I guess it’s worth pointing out that this problem –
“… The fact that they reported bitcoin search results looking back four weeks and forward seven weeks should alert us to the possibility that they tried other backward-and-forward combinations that did not work as well… ”
– was explained very well in a XKCD comic. https://xkcd.com/882/
Grotesque! As grotesque as the claim that tides are induced by the Moon or that mold could cure infectious deseases!
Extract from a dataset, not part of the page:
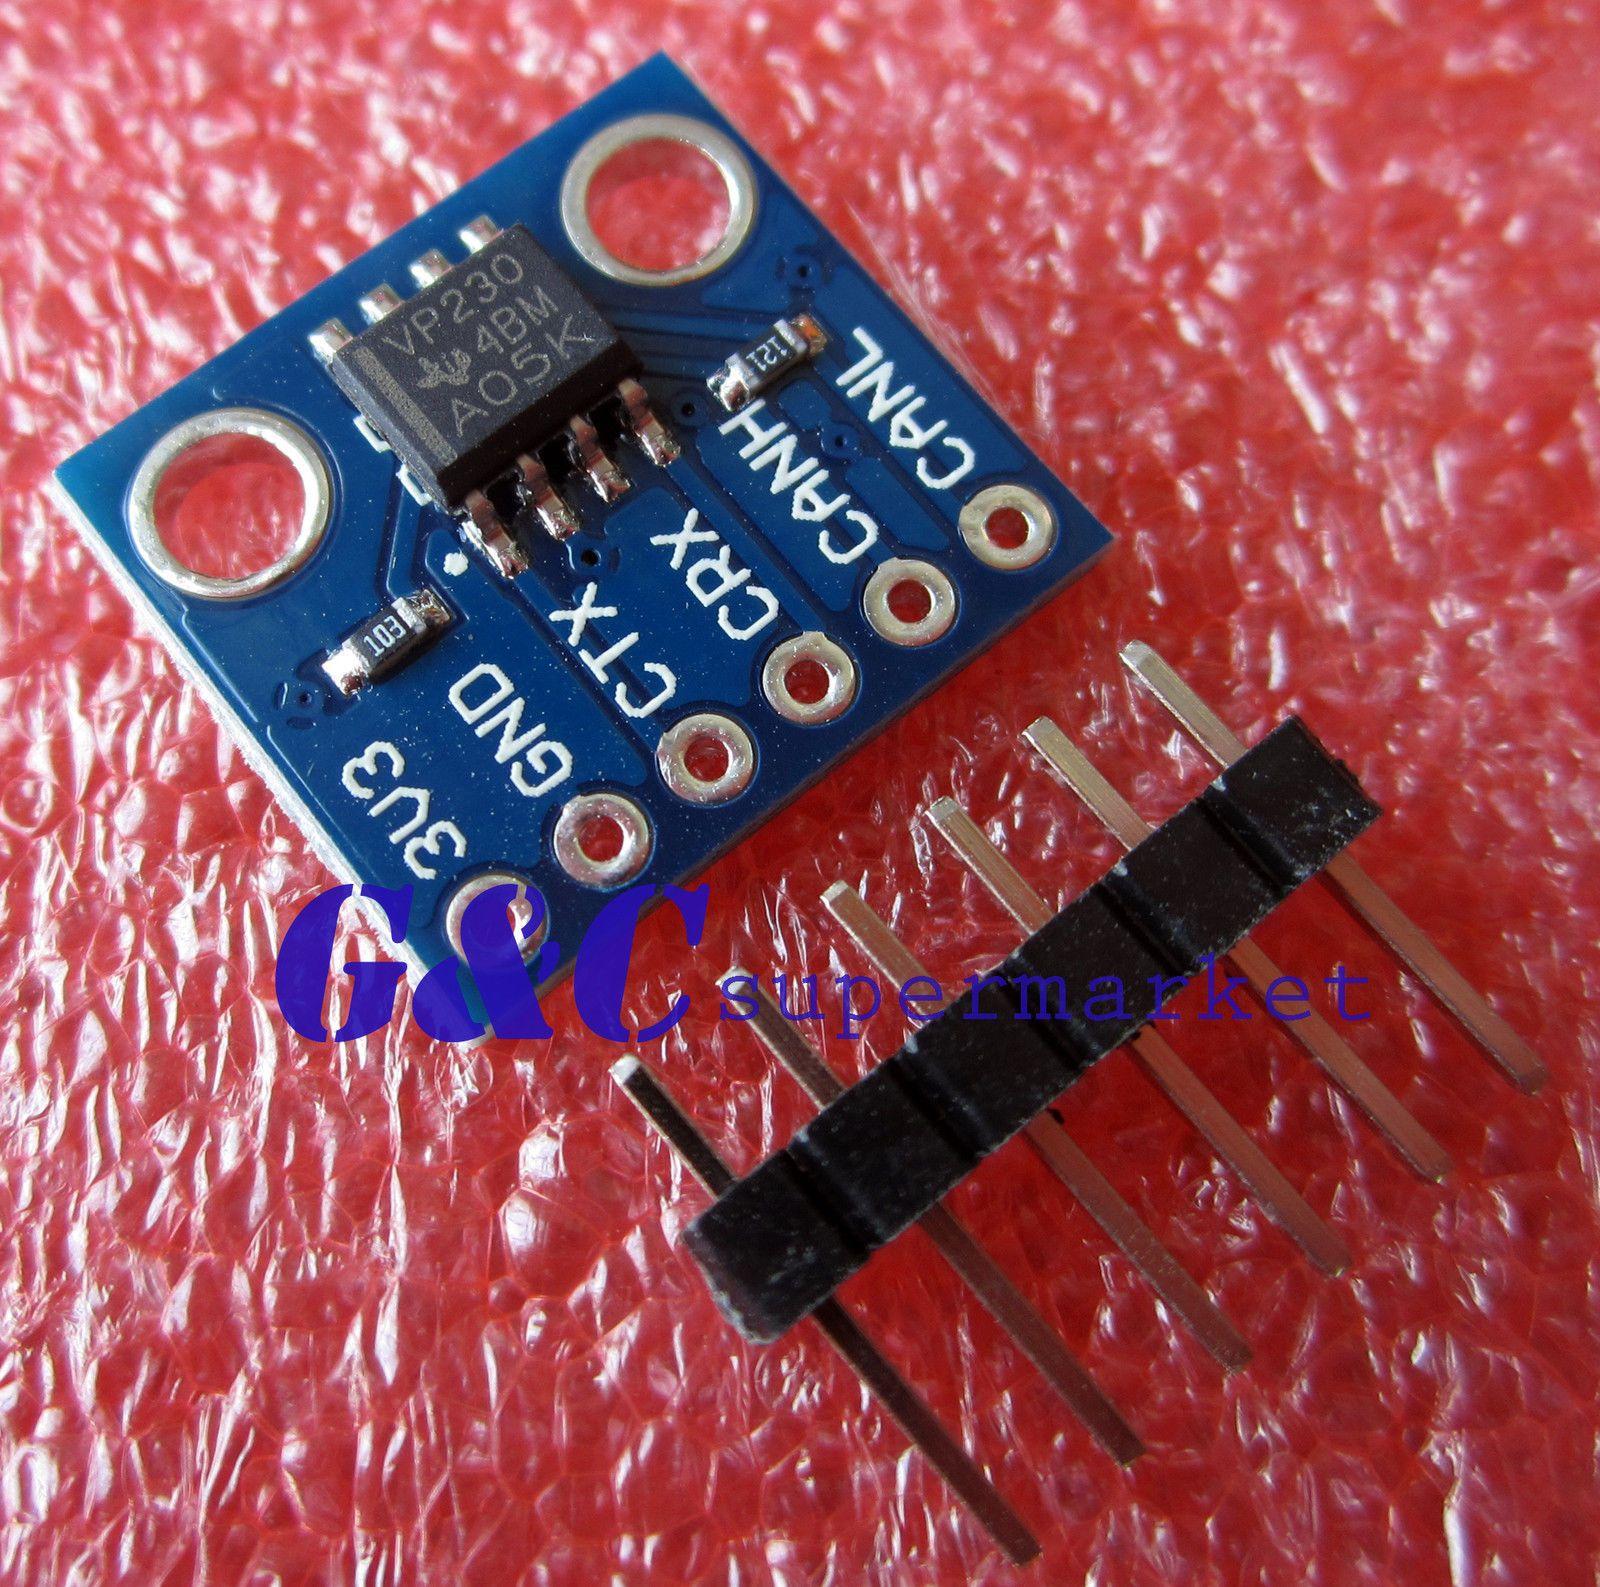 $5 88 - 2Pcs Sn65Hvd230 Can Bus Transceiver Communication Module

“because bitcoins have no intrinsic value ”
Oh dear, another one. Bitcoin has no intrinsic value – as opposed to the US dollar? Tell us what is the intrinsic value of a piece of paper with numbers and letters on it, much less a record in a digital ledger? Or maybe gold – there’s something inside there that has value? The Chinese didn’t want gold – they dealt in silver for centuries. Did they not know ‘intrinsic’ when they saw it? Someone needs to do some serious thinking about the nature of money before he has anything else to say about the value of Bitcoin. The dollar has no intrinsic value – that’s why the government needs guns to enforce it’s ‘value.’ Bitcoin doesn’t need guns – that’s the whole point.
I explain in an earlier chapter that “intrinsic value” in finance means the amount you would pay to get the income from the asset forever. Bitcoin, paper money, gold, and silver generate no income and therefore have no intrinsic value. They may be used as a medium of exchange but, as an investment, fools buy hoping to sell to greater fools.
“They reported finding that bitcoin returns were positively correlated with stock returns in the consumer goods and health care industries and negatively correlated with stock returns in the fabricated products and metal mining industries.”
This seems to be an artifact of history; Bitcoin was at its highest during the earlier stages of Covid-19 — a good time for healthcare corporations and toilet paper brokers, and not as lucrative time for industrial products. An excellent way to predict the analysis timeframe? Yes. Historical fallacy? Clearly.